__SOURCE MATERIAL__:
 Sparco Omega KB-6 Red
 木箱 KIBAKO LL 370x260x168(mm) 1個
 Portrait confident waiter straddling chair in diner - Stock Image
--
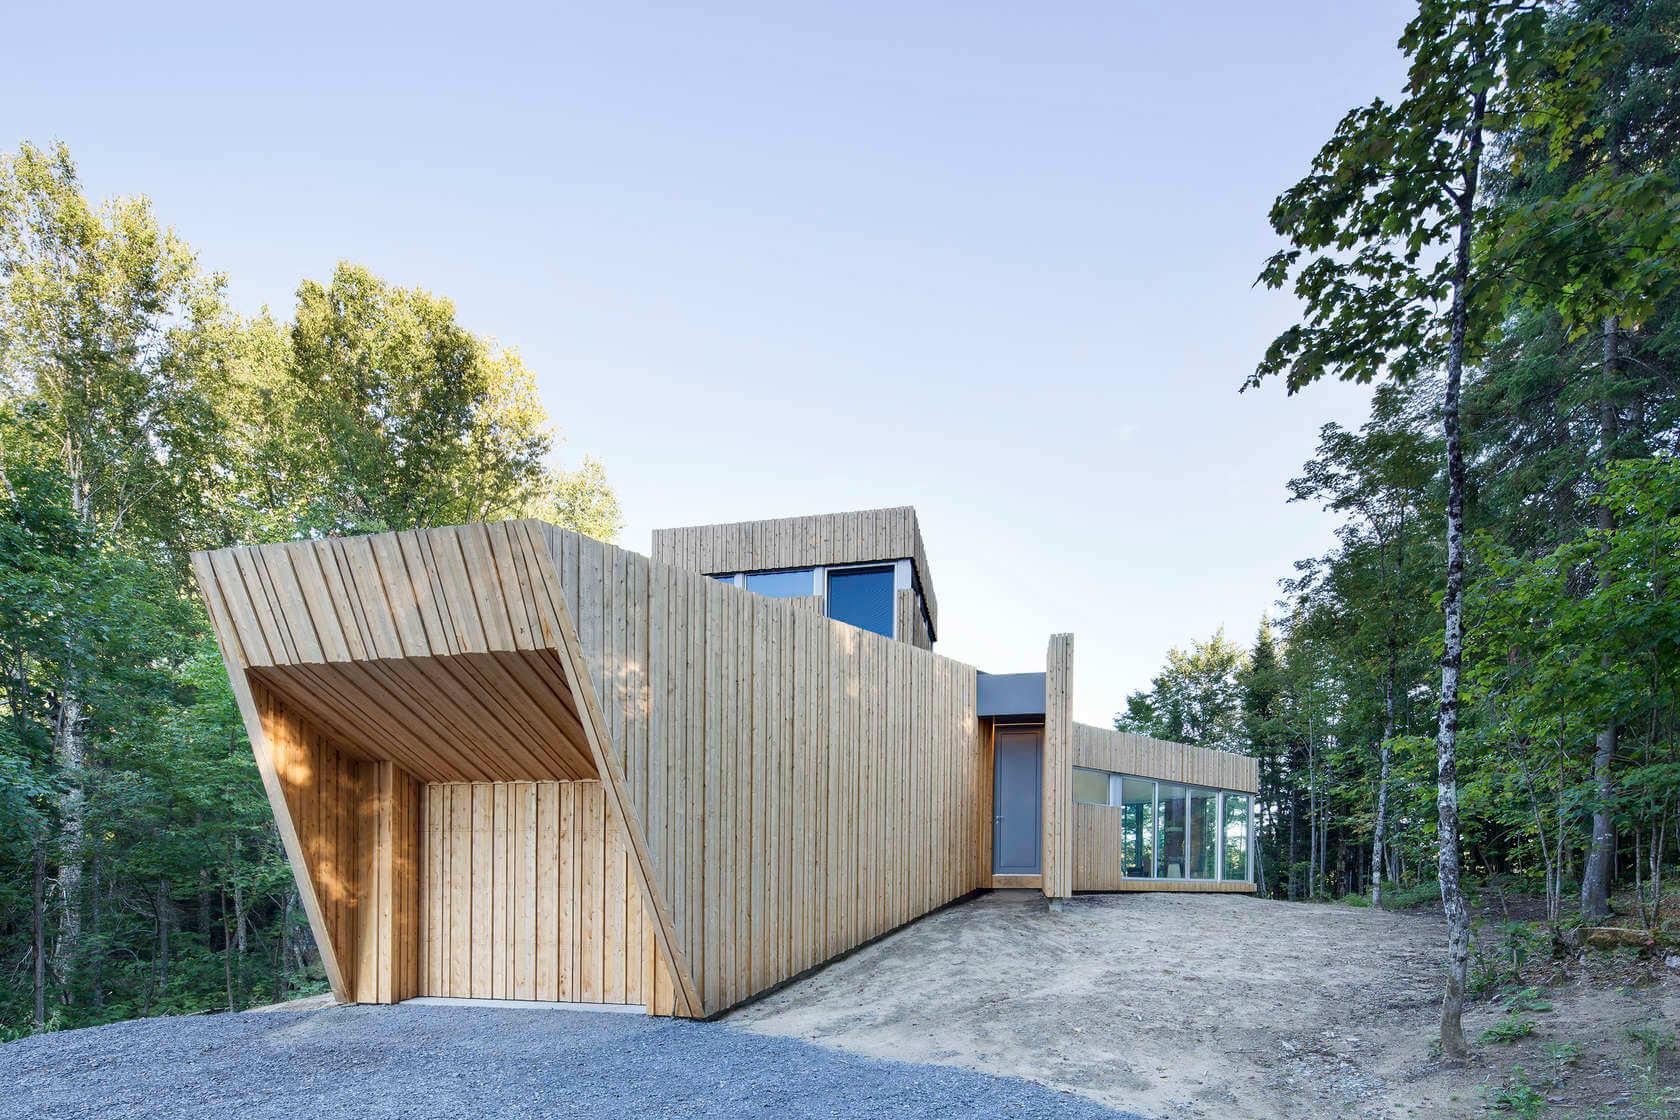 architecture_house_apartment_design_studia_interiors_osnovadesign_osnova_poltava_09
* * *
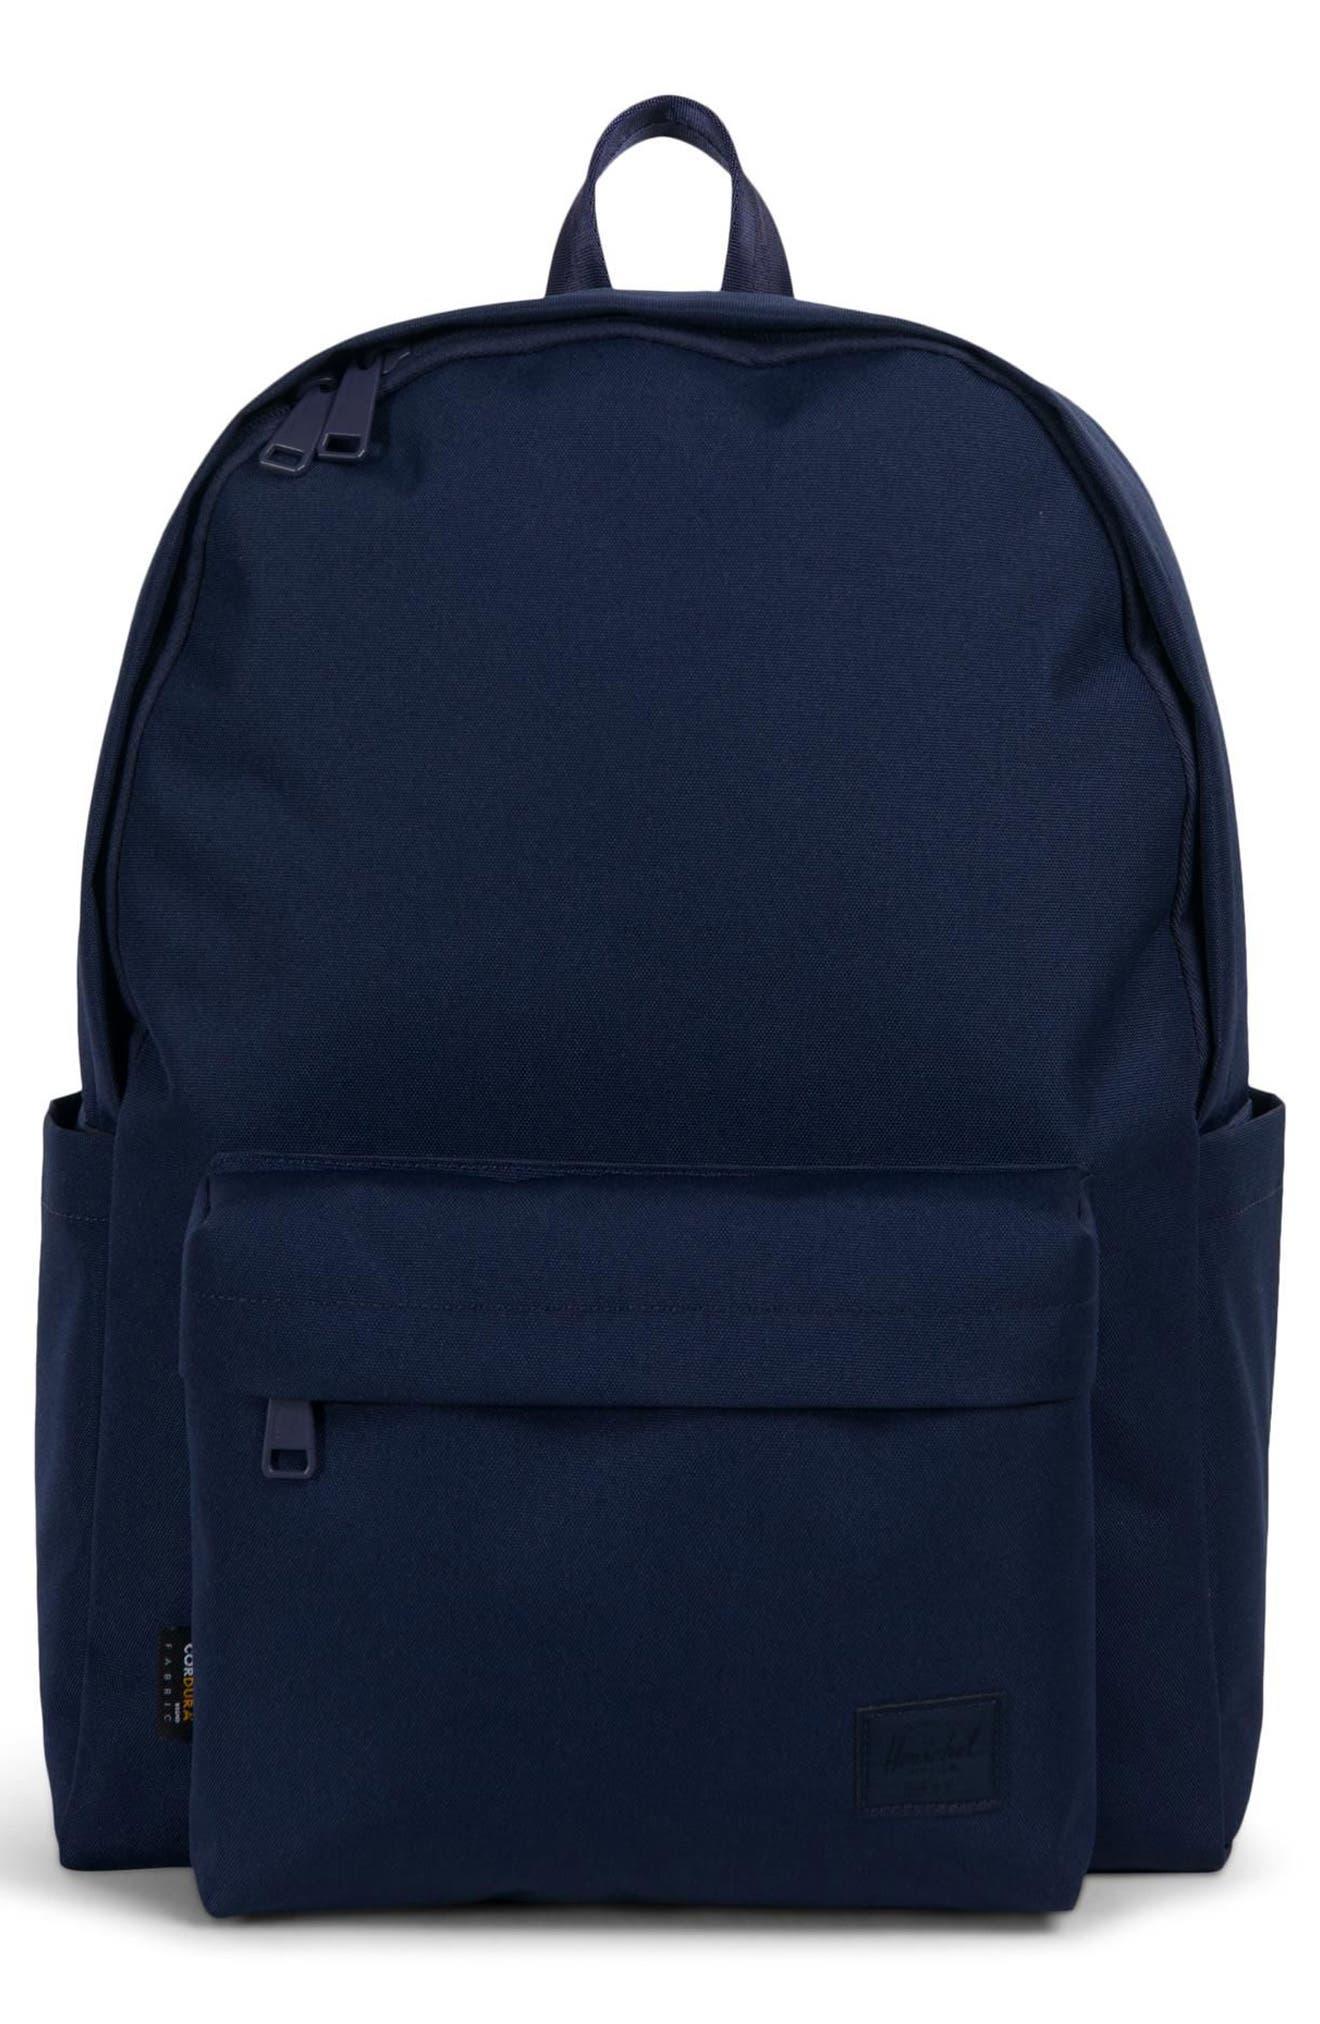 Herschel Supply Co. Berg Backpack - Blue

__TASK STATEMENT__: After locating the line with "Sparco Omega KB-6 Red" in the material above, return it and each line after it exactly, ending at the line with "Portrait confident waiter".

__SOLUTION TO THIS TASK__:
 Sparco Omega KB-6 Red
 木箱 KIBAKO LL 370x260x168(mm) 1個
 Portrait confident waiter straddling chair in diner - Stock Image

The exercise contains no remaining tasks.